Сначала пузатый прапорщик в мятом мундире отвел нас в актовый зал, где мы разделись до трусов, сложили свою одежду на кресла.
— Документы берите с собой! — объявил он. — Паспорт, приписное, повестку. Сначала все идут в 12-й кабинет. Там вы сдаете повестки, регистрируетесь, после чего отправляетесь в героический поход по врачам, начиная с 13-го кабинета. Ясно? Проходите комиссию, возвращаетесь опять в 12-й кабинет, получаете на руки повестку с отметкой и уматываете домой с чистой совестью. Вопросы есть?
— А я приписное дома забыл, — кто-то подал голос из зала.

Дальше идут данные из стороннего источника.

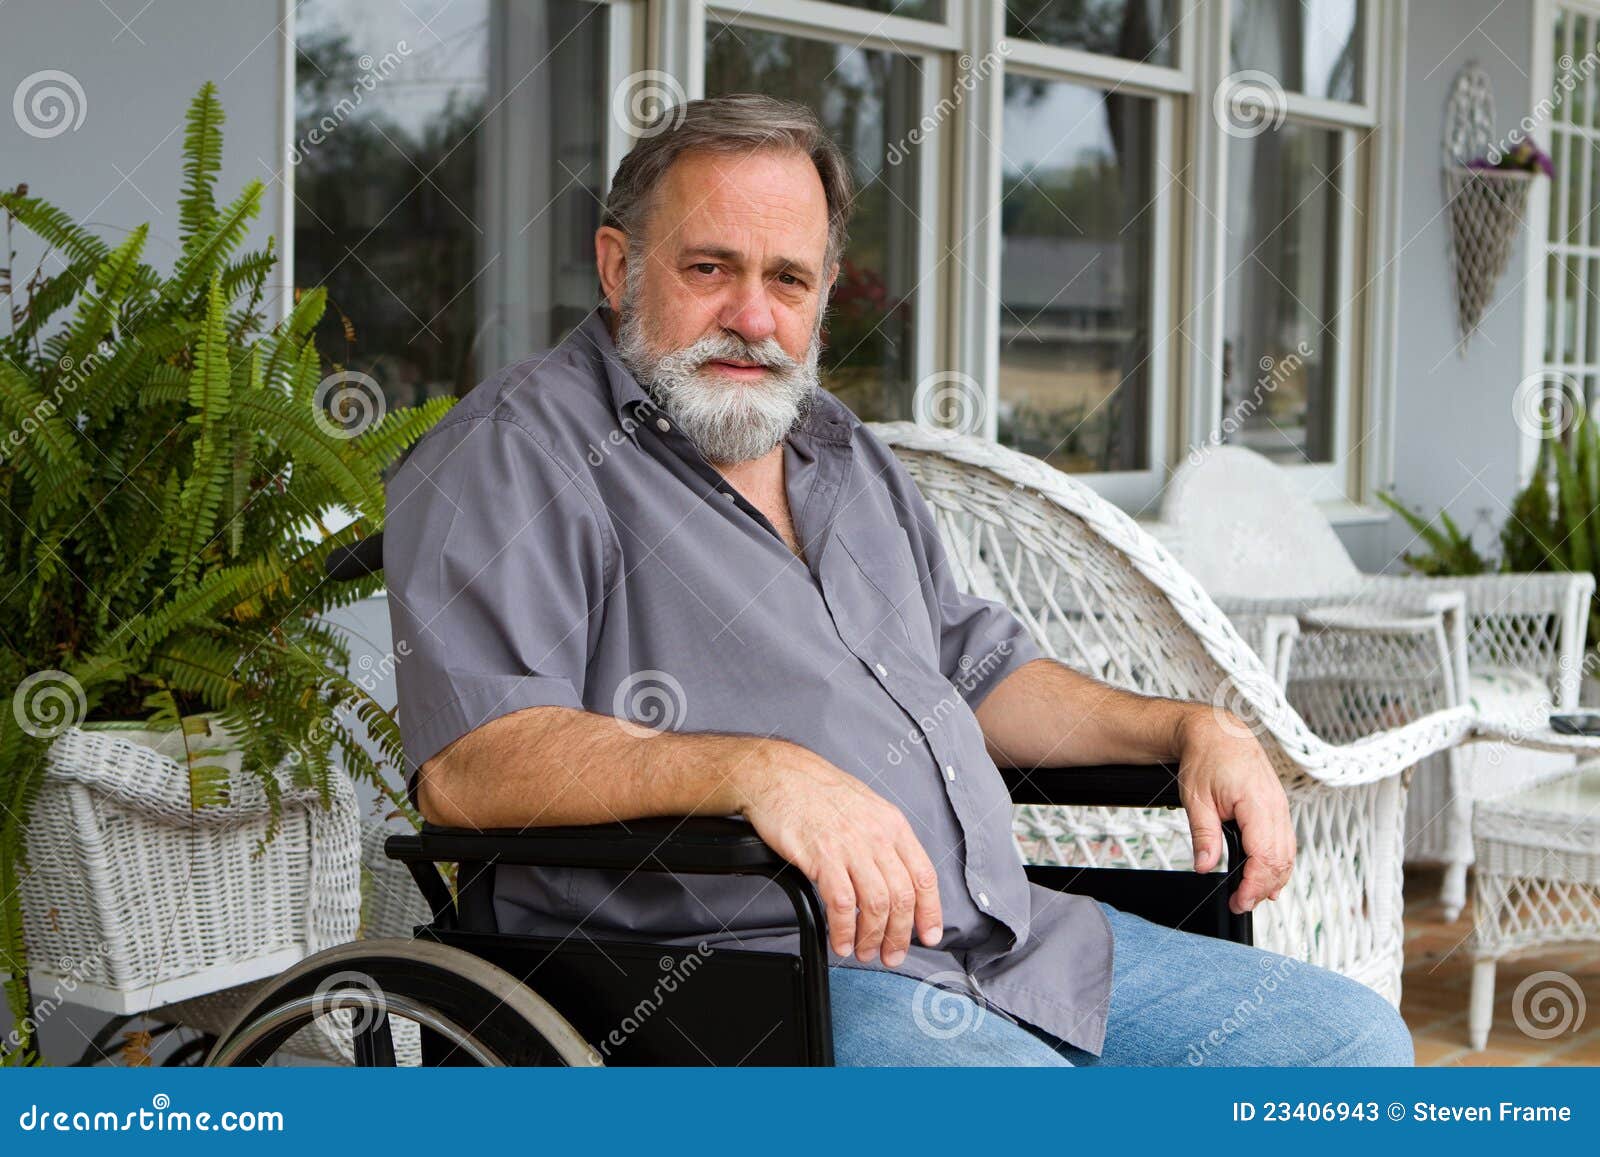 paraplegic man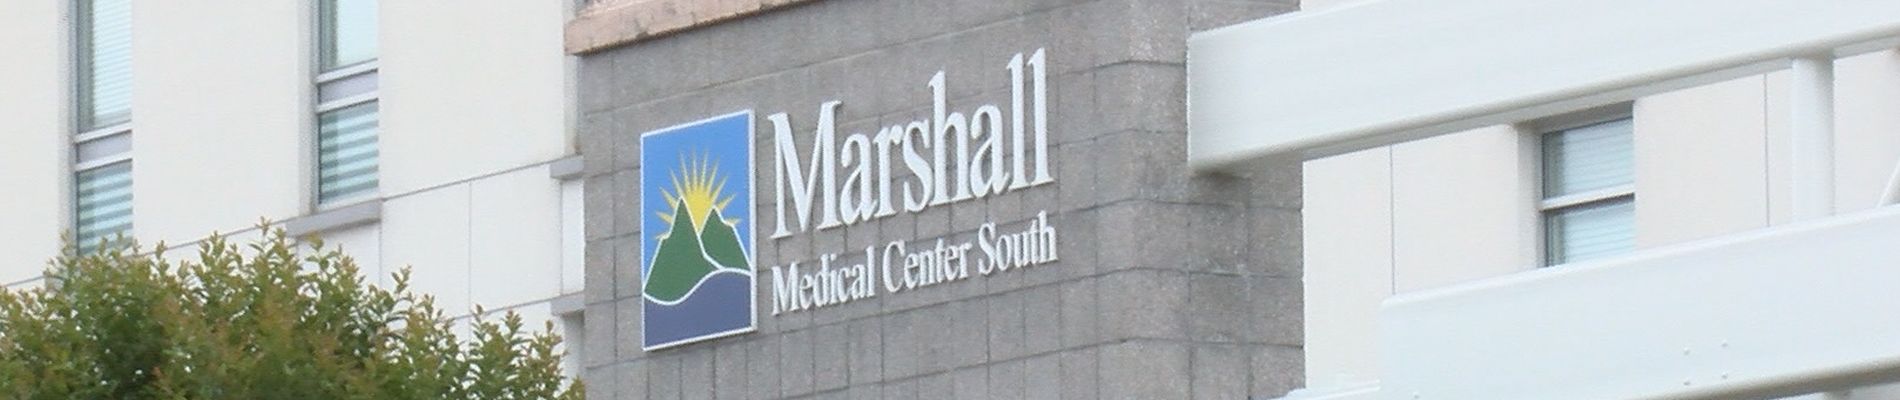 Marshal medical center

— Идиот! — взревел раненым бегемотом прапорщик. — Ты, дебила кусок, читать умеешь? Что в повестке написано? Там черным по русскому сказано: при себе иметь паспорт, приписное свидетельство!
Он еще минут пять характеризовал забывчивого товарища, в котором цензурные выражения занимали едва ли процентов 30 от объема выражений. Потом всё-таки выдохся, достал мятый носовой платок, вытер покрасневшее лицо и мрачно поинтересовался:
— Кто еще приписное забыл, дебилы?
— Да я вообще-то пошутил, — отозвался тот же голос.
Прапорщик побагровел еще больше.
— Фамилия? — грозно пророкотал он.
— Ступаков!
— Значит, так, Ступаков, — хмыкнул он. — Повестку ты получишь лично из моих рук, в индивидуальном, так сказать, порядке. Понял? Пока ты будешь ходить по врачам, я обдумаю, как тебя научить человеческим шуткам. А сейчас, — он перевел дух. — Бегом в коридор!
Толпа призывников ломанулась в коридор — в одних трусах, босиком. Отопление в военкомате считалось непозволительной роскошью. Пятки сразу стали примерзать к линолеумному полу, который мыли, наверное, еще летом.
Мне повезло. Я сидел ближе всех к выходу, поэтому оказался в числе первых в очереди в кабинет № 12. Разумеется, Мишка пошел сразу же за мной.
В кабинете я сдал повестку. На меня заполнили анкету, в которую молоденькая медсестра, иронически улыбаясь, вложила пару пустых бланков.
— Следующий!
Первым врачом оказался окулист. Я зачитал ему вторую строку снизу правым глазом слева направо, левым глазом справа налево. Он расписался у меня в моём деле, поставил штамп…
— Следующий!
Потом был стоматолог, ухо-горло-нос, то есть отоларинголог, далее хирург и… А дальше, дальше был невропатолог. Ею оказалась врач из нашей поселковой поликлиники, у которой я был вроде как под наблюдением. Для работы в призывных медицинских комиссиях в райвоенкоматах всегда привлекали врачей из поликлиник. Хирург, кстати, тоже был из поликлиники с нашего поселка.
Увидев меня, она поздоровалась, пригласила садиться, взяла в руки резиновый молоточек, но пригляделась и замерла:
— Ковалев? Ты?
— Я, Кира Маратовна!
Вот такое у неё было редкое имя-отчество при обычной в общем-то фамилии Кухарева. Врач осмотрела меня, заглянула в моё дело, прочла анкету, словно хотела что-то увидеть в ней новое, необычное.
— Как себя чувствуешь? Головокружения есть? Ходишь нормально? Спишь как?
Каждый вопрос-ответ она записывала в бланк. Взяла в руки резиновый молоточек, постучала по коленям, поводила перед глазами, снова что-то записала в бумагах. Потом взяла моё дело, встала:
— Идём со мной!
Она повела меня через весь коридор к председателю комиссии.
— Алексей Алексеевич! — она зашла в кабинет, потащила меня за собой за руку, словно дошкольника. — Вот!
— Что, вот? — председатель медкомиссии сидел в кресле у окна и пил кофе, держа в руках толстенную красную книжку, в которой я опознал один из двенадцати томов Александра Дюма. — Что случилось, Кира Маратовна?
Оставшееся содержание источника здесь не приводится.